I’ll only go through the process, steps and ingredients but you can decide on quantities depending on personal preferences. So, what you need for your own homemade rum are the following: molasses, brown sugar, yeast, water, your trusted copper still and a barrel of your choosing for the ageing process. To start off, dissolve your sugar and molasses into boiling water. Cool off the mix by adding colder water until it reaches approx. 80F, and then add yeast to your base ingredients to kick off fermentation. Distillers prefer faster-working yeast for lighter rums and a slower-working one for dark rum, as the latter causes more esters to accumulate during fermentation which results in a fuller taste. Install airlock and let it ferment. Fermentation is complete once bubbles stop passing through the airlock. After that, wait for 3-7 days until the mix is ready for distilling.
Distillation in a pot still is preferred because this gives the rum a richer flavor. Rum is usually distilled somewhere between 85-96% ABV. Fill the boiler up and follow the standard distilling procedure. After you’ve obtained your distillate, you can move on to the ageing process. Ageing is not necessary but does mellow the rum and give it its color and more flavor.
Many countries require for rum to be aged for a minimum of one year but the process can also take up to 12 years… though you’re probably not going to be waiting this long to enjoy your homemade product. Ageing is usually done in bourbon casks but other types of wooden barrels can also be used; stainless steel tanks are also an option. As with whiskey, the liquor takes its color and flavor from the wood: new casks contribute to a lighter flavor, while heavily charred ones to richer flavors. When aged in oak casks, the rum becomes darker, while the one aged in stainless steel usually remains colorless. Due to the warm climate rum is usually produced in, it matures at a much higher rate than whiskey or cognac, the angel’s share going up to 10% each year, compared to products aged at lower temperatures, which only reach 2% per year. After ageing, rum is usually blended. Light rums might undergo filtering to remove any color gained though ageing, while caramel might be added to darker rums for color adjustment. You can easily caramelize your own sugar and add it to the distillate.
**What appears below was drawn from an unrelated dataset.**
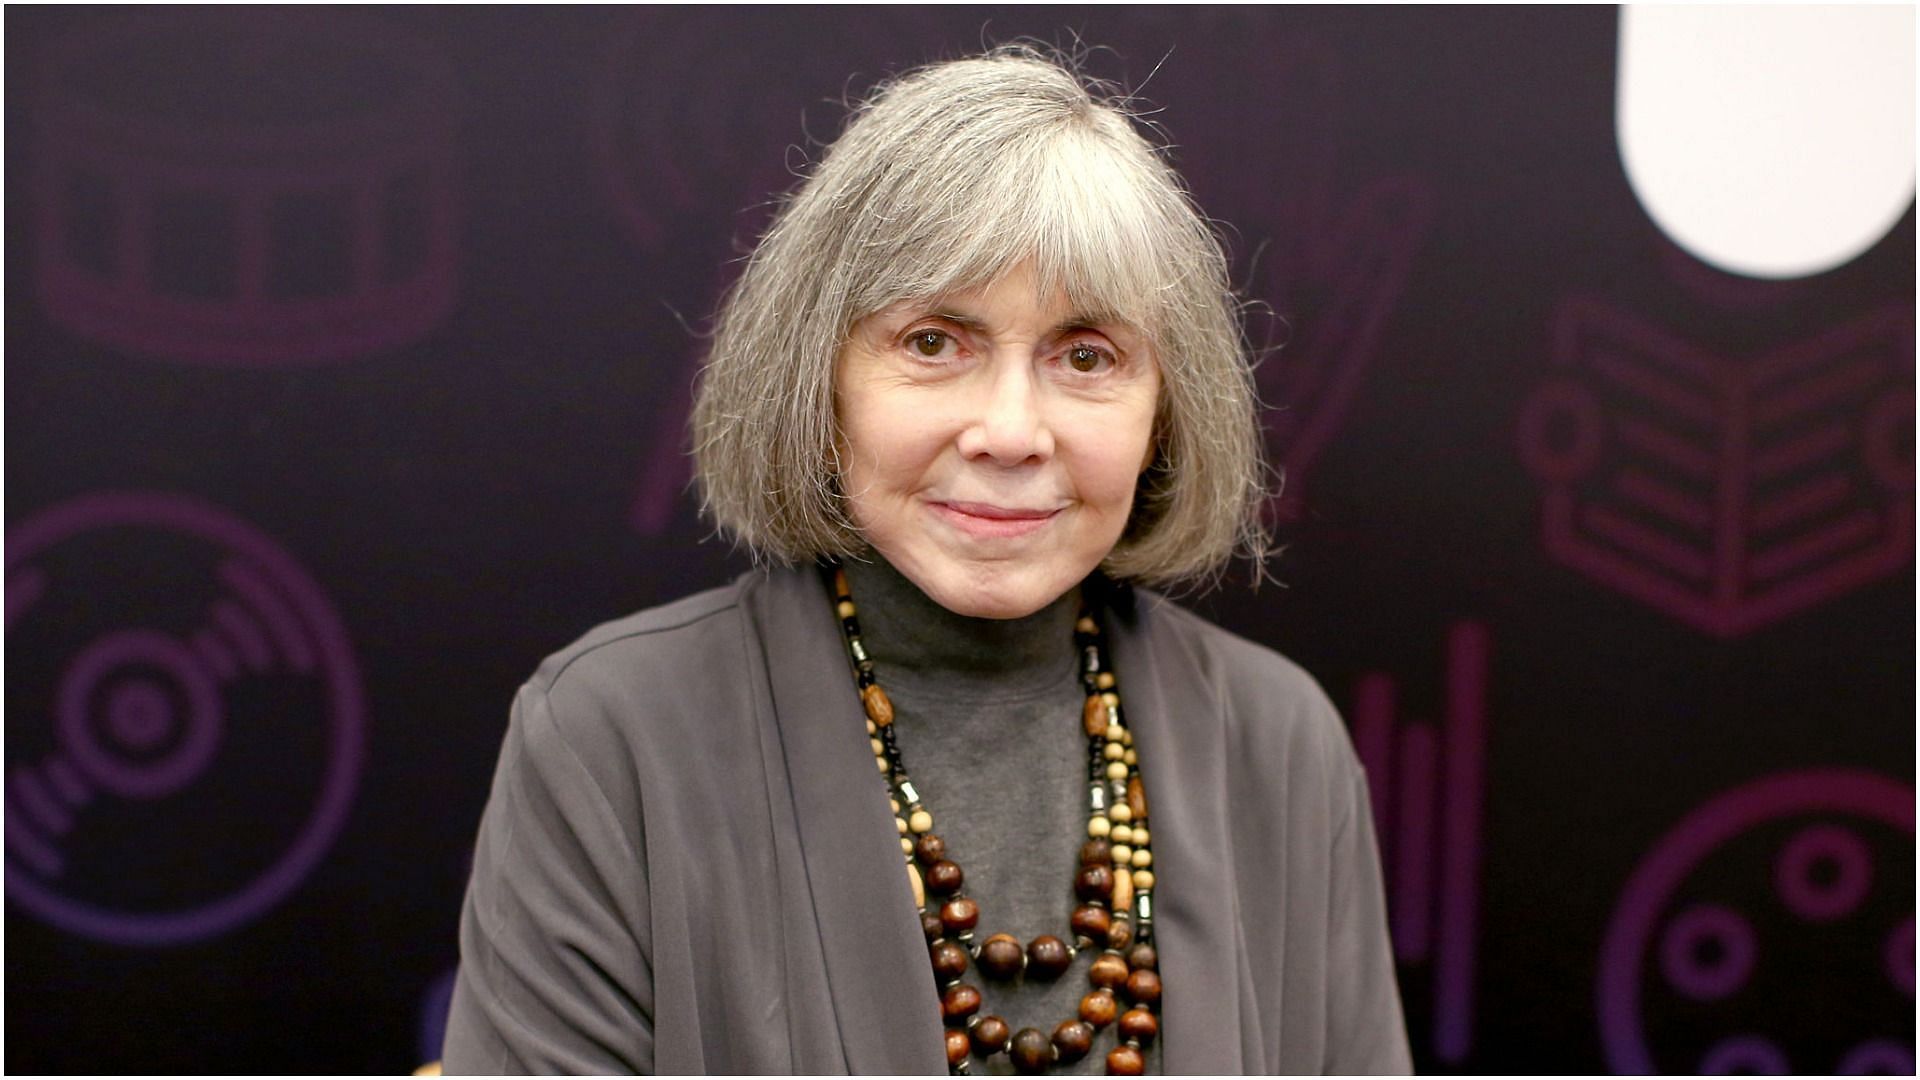 Anne Rice recently died at the age of 80 (Image by Joe Scarnici via Getty Images)
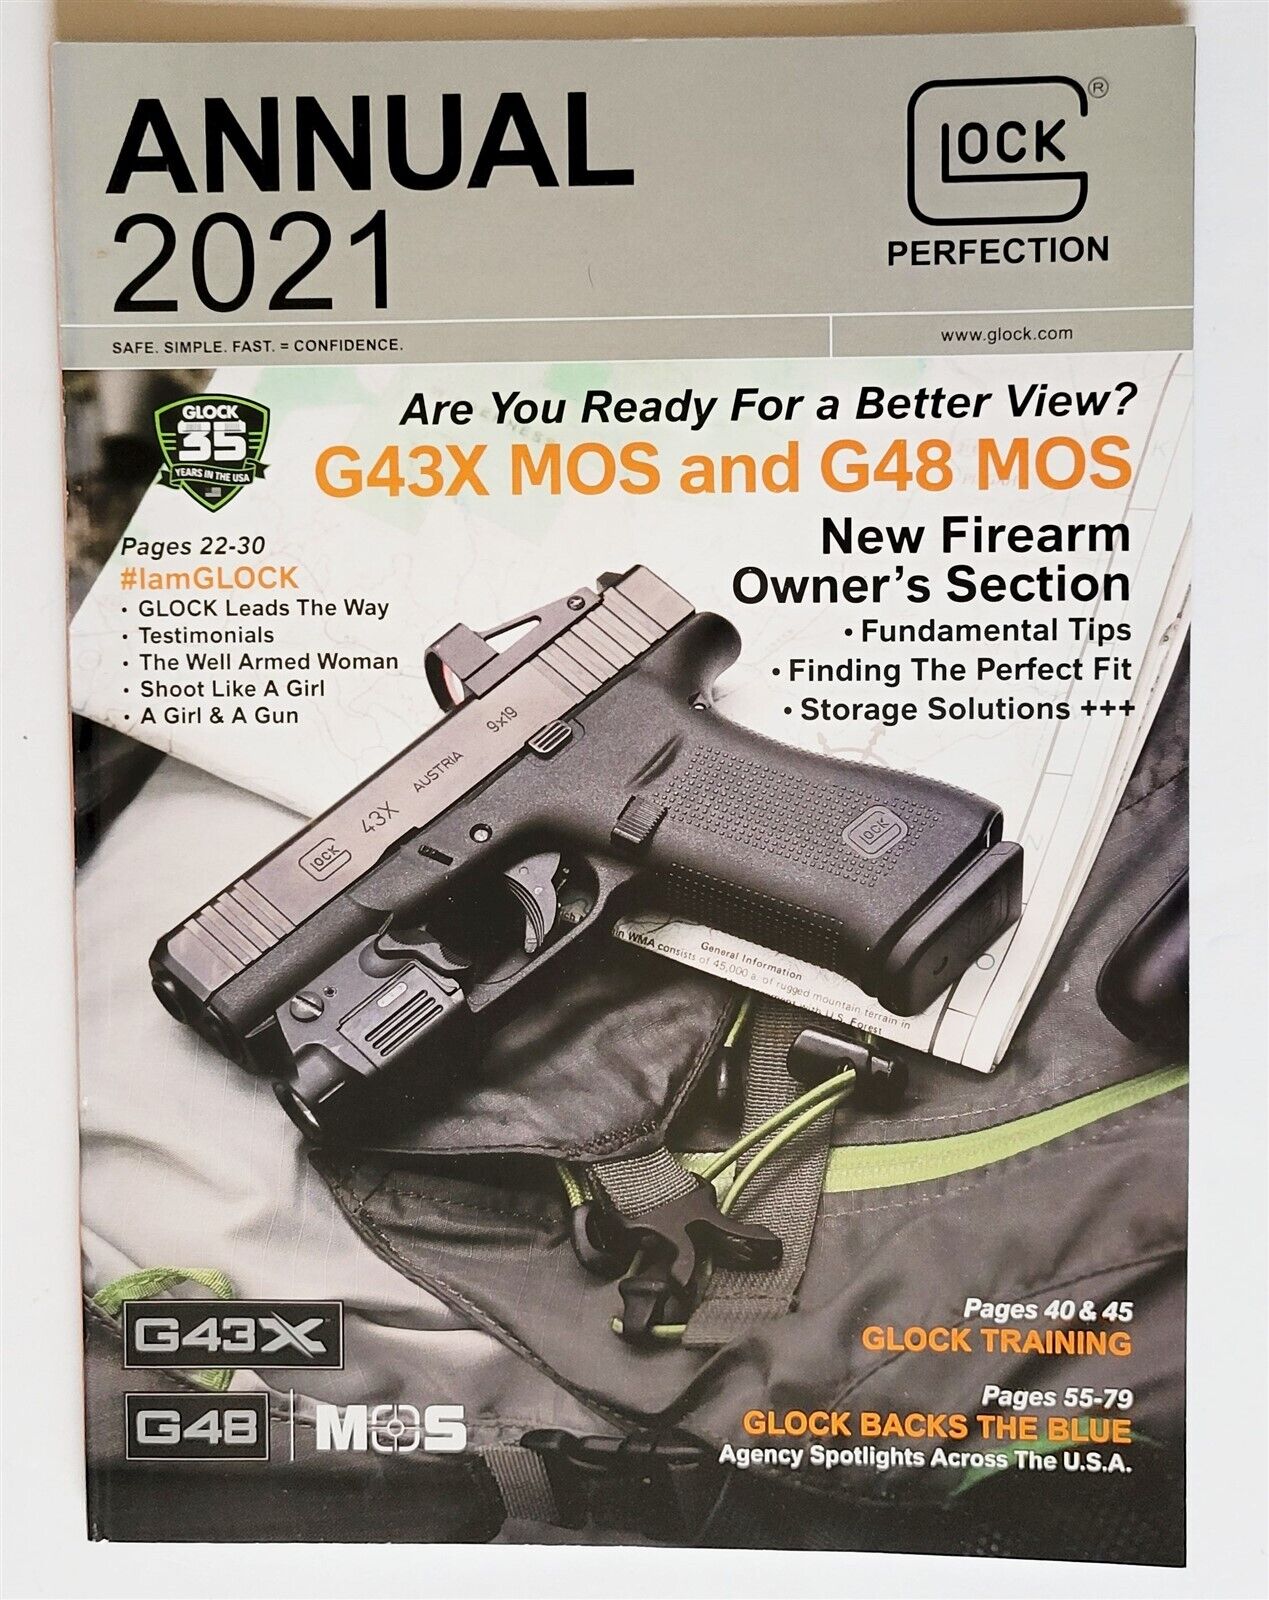 Glock Perfection Annual 2021 Magazine 91 Pages Military Firearms

After your copper still has done its job, you can also make your own spiced rum, by ageing the distillate together with your choice of spices, such as vanilla, peppercorns, cinnamon, star anise etc.
Rum is a delicious, cheap and easy to make drink which is preferably made in copper pot stills. You can adjust the recipe to your own preferences – you can only use molasses, for example, or decide between different types of yeast; as well as choose what type of cask to age it in, if you choose to age the rum at all.